Author: Mark Setterfield
Publisher: Springer
Published: 2016-07-27
Total Pages: 286
ISBN-13: 1349273937
DOWNLOAD EBOOKThis volume collects original contributions and recent research in economic theory and the political economy of unemployment and inflation from a team of internationally renowned scholars. These essays, collected in honour of John Cornwall, demonstrate the importance of economic institutions for economic outcomes and share his focus on the need for high level economic theory to be socially relevant. The book includes an intellectual biography of the honouree by Geoff Harcourt and Mehdi Monadjemi and a full bibliography of his work.
Author: United States. Congress. Joint Economic Committee
Publisher:
Published: 1961
Total Pages: 112
ISBN-13:
DOWNLOAD EBOOKAuthor: United States. Congress.
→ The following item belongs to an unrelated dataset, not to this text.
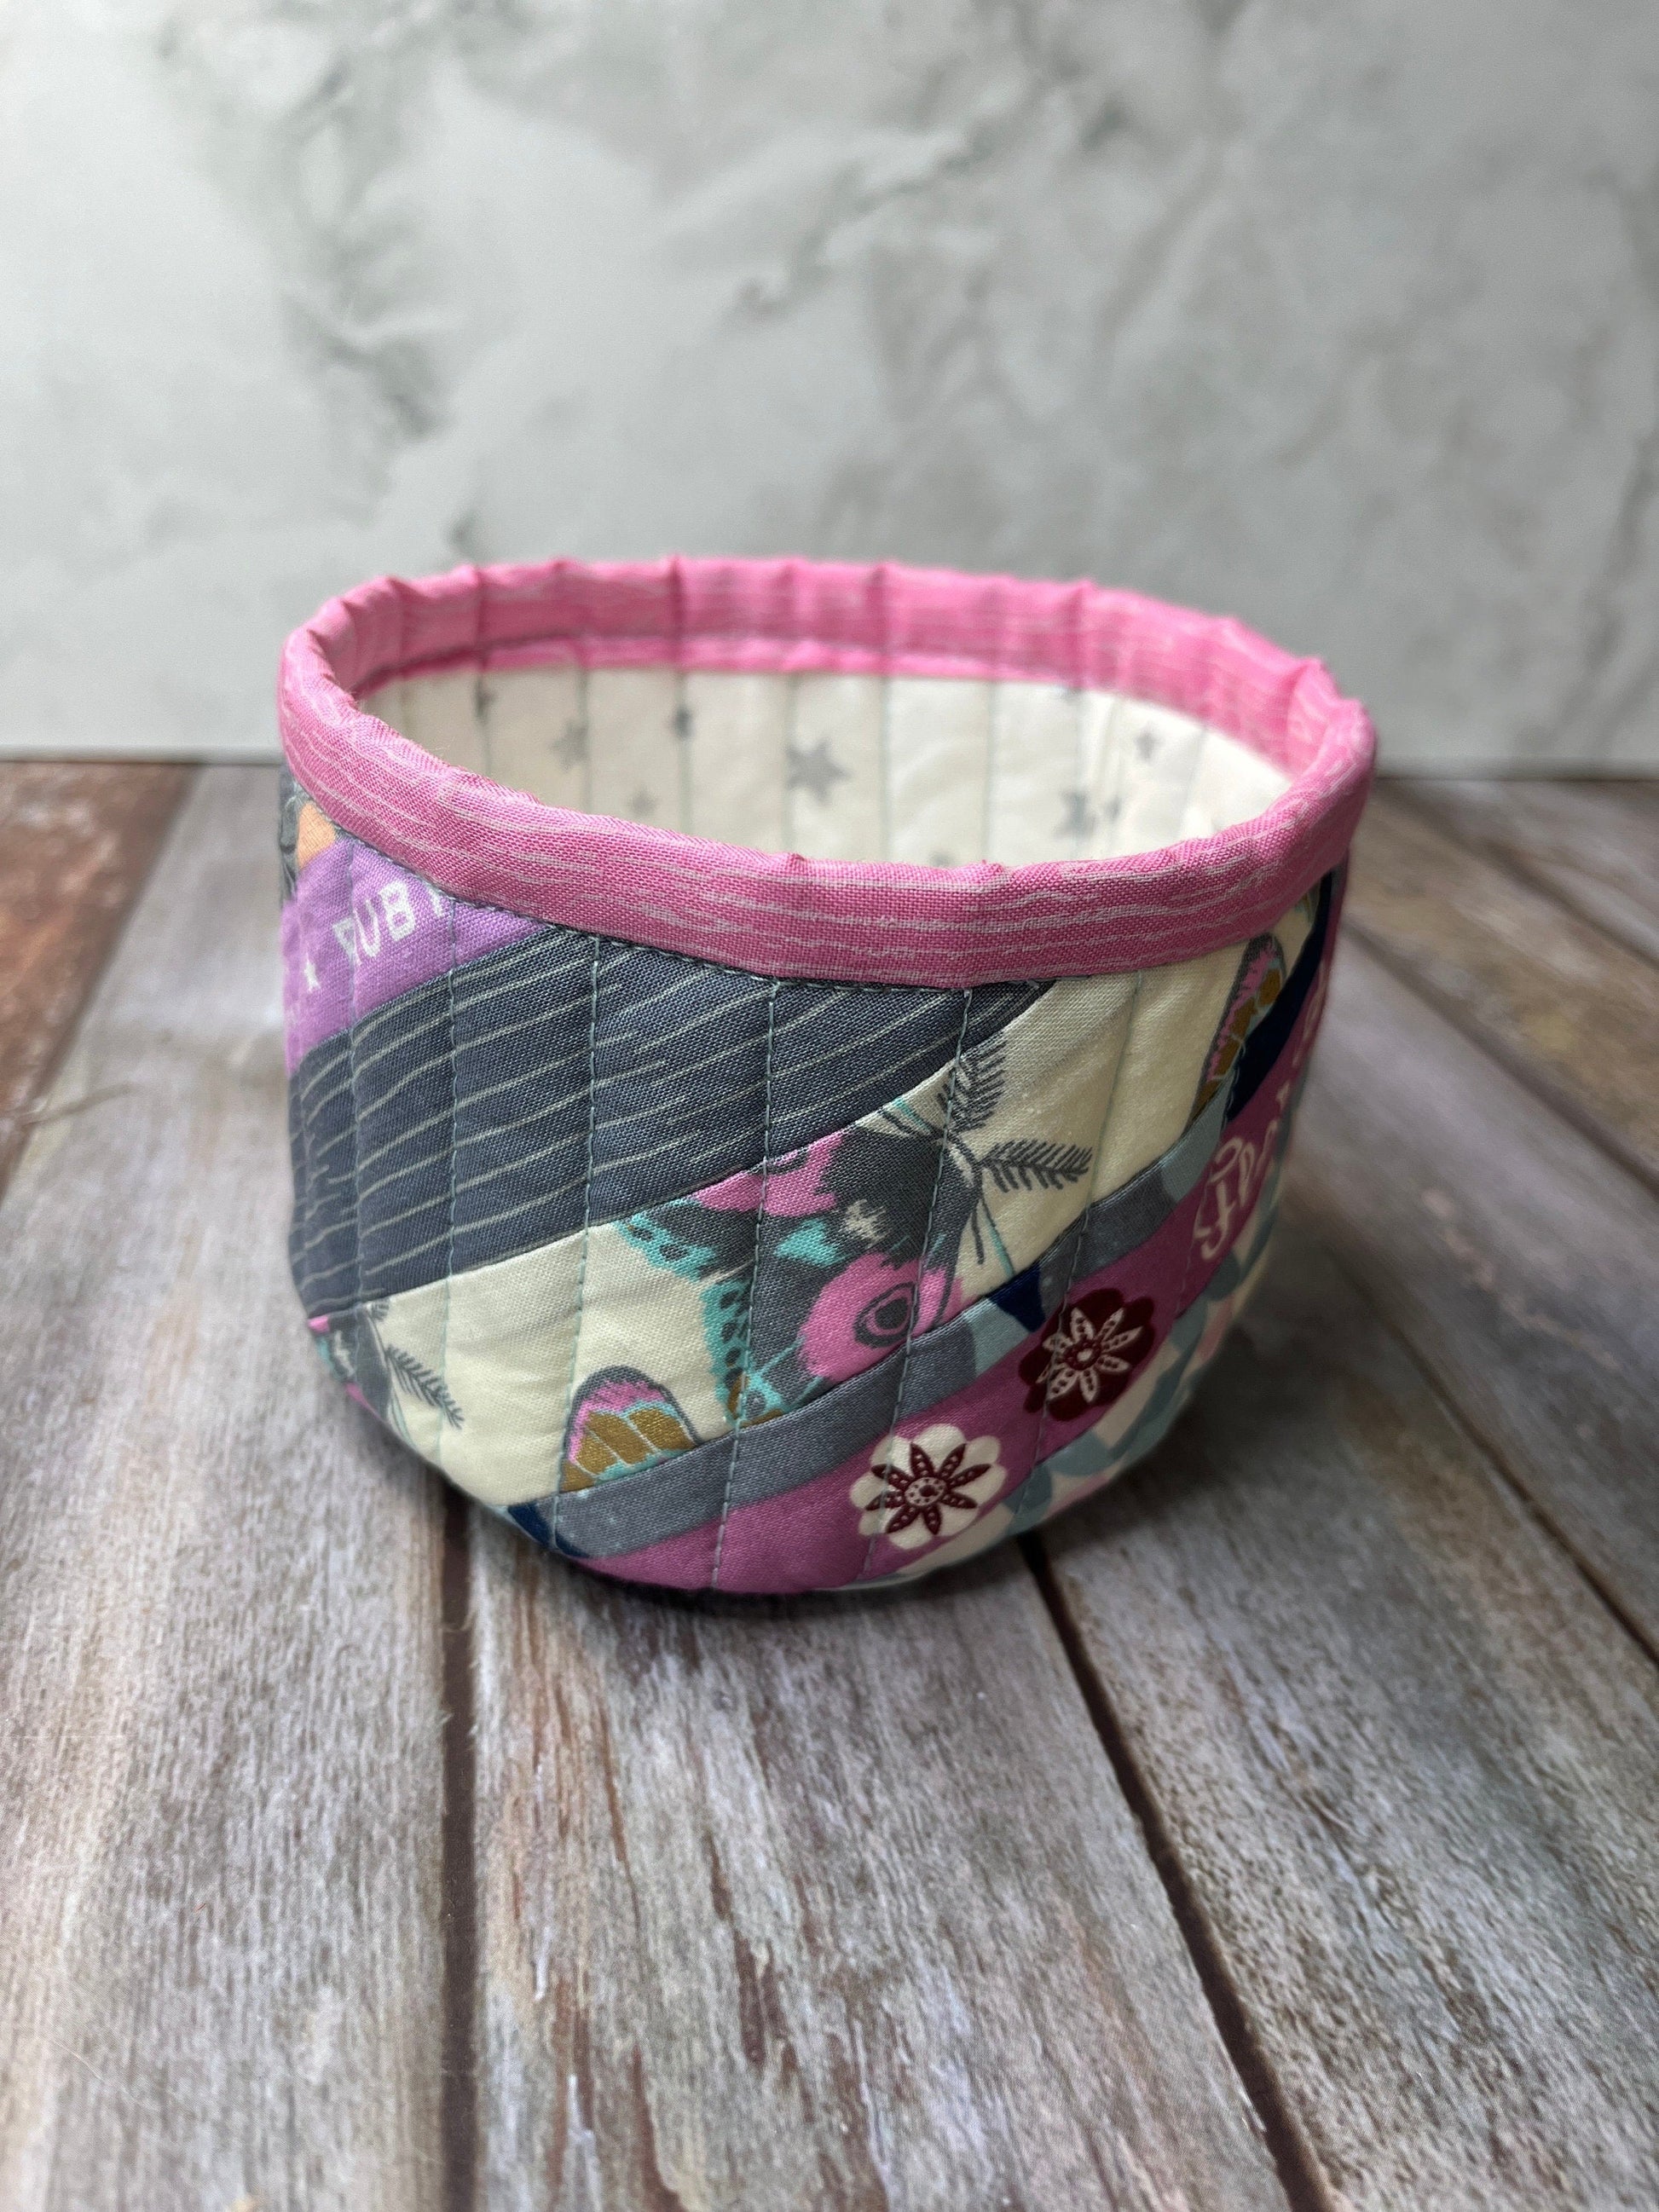 Small Fabric Tub Limited Edition No S202402 - Uphouse Crafts

Joint Economic Committee
Publisher:
Published: 1959
Total Pages: 1778
ISBN-13:
DOWNLOAD EBOOKExplores the possibility of combining three economically desirable goals: an adequate rate of economic growth, substantially full employment or maximum employment, and substantial price stability.
Author: Leon Hirsch Keyserling
Publisher:
Published: 1983
Total Pages: 96
ISBN-13:
DOWNLOAD EBOOKReport on full employment, economic growth and low inflation to be achieved under economic legislation (Humphrey-Hawkins Act) in the USA - describes the long term economic planning required to overcome cyclical unemployment and economic recession, and the impact of economic policy; includes recommendations for the national budget, monetary policy, incomes policy, etc. Charts and graphs.